Questions about the prior issues

Hi there,

I am confused about the part of applying prior to the computed variances. Would you by any chance explain it? Thanks ;)
Link

# applying prior to the computed variances
variances_ *= tf.expand_dims(gamma_sum, 1)
variances_ += (2.0 * beta)
variances_ /= tf.expand_dims(gamma_sum + (2.0 * (alpha + 1.0)), 1)

Also, does the log_shit means the normalization here?

log_weighted = log_components + tf.expand_dims(tf.log(weights), 1)
log_shift = tf.expand_dims(tf.reduce_max(log_weighted, 0), 0)
exp_log_shifted = tf.exp(log_weighted - log_shift)

In addition, at line 82:

log_likelihood = tf.reduce_sum(tf.log(exp_log_shifted_sum)) + tf.reduce_sum(log_shift)

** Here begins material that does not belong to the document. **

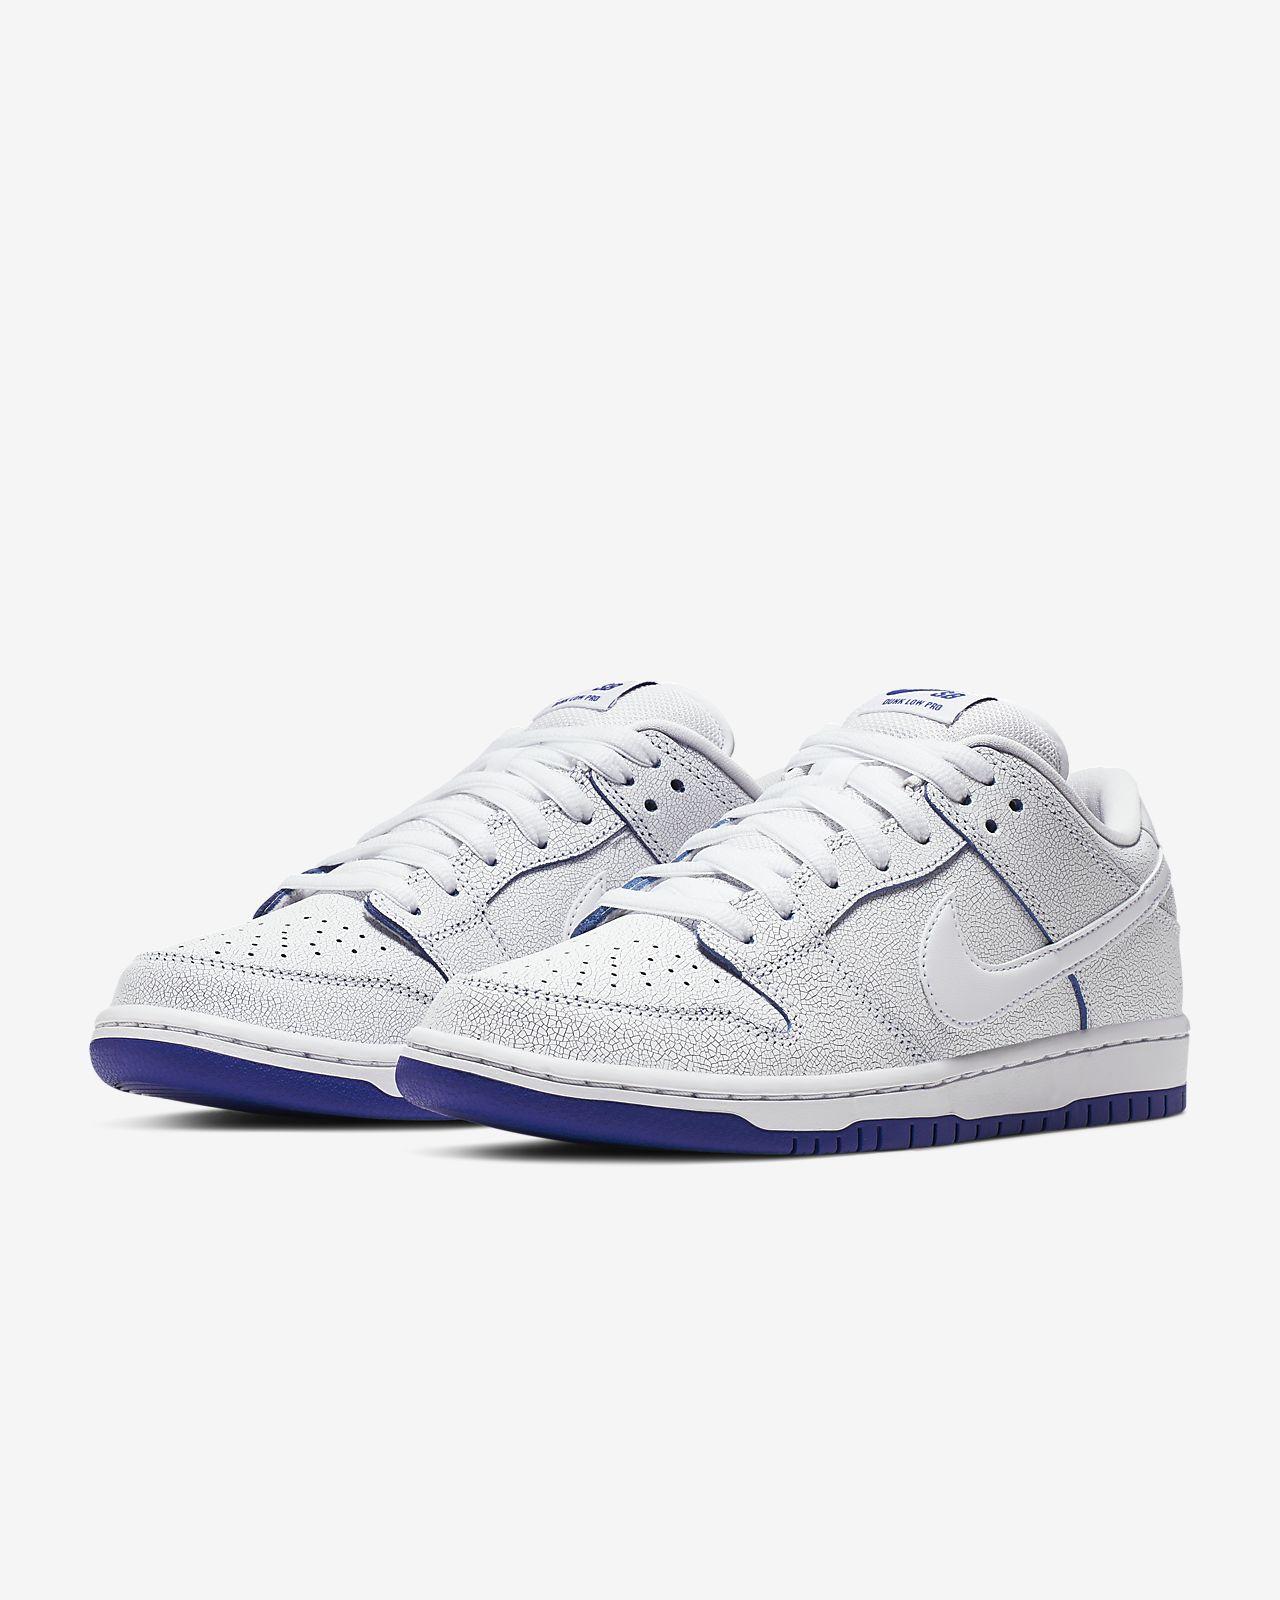 buy online df03c b102f Nike SB Dunk Low Pro Premium Skate Shoe

Why added above mentioned maximum value of each component log_shift?

Question on the result

How do you actually get a result shown in gmm-best.png. I mean, among several algorithms, which one did you use to get the best result. By just running your codes (e.g. tf_gmm_diag.py, tf_gmm_full.py, tf_gmm_grad, tf_gmm.py), they mostly give incomplete result as below.
screen shot 2018-03-23 at 9 28 35 am
Is gmm sensitive to initial mean assignment?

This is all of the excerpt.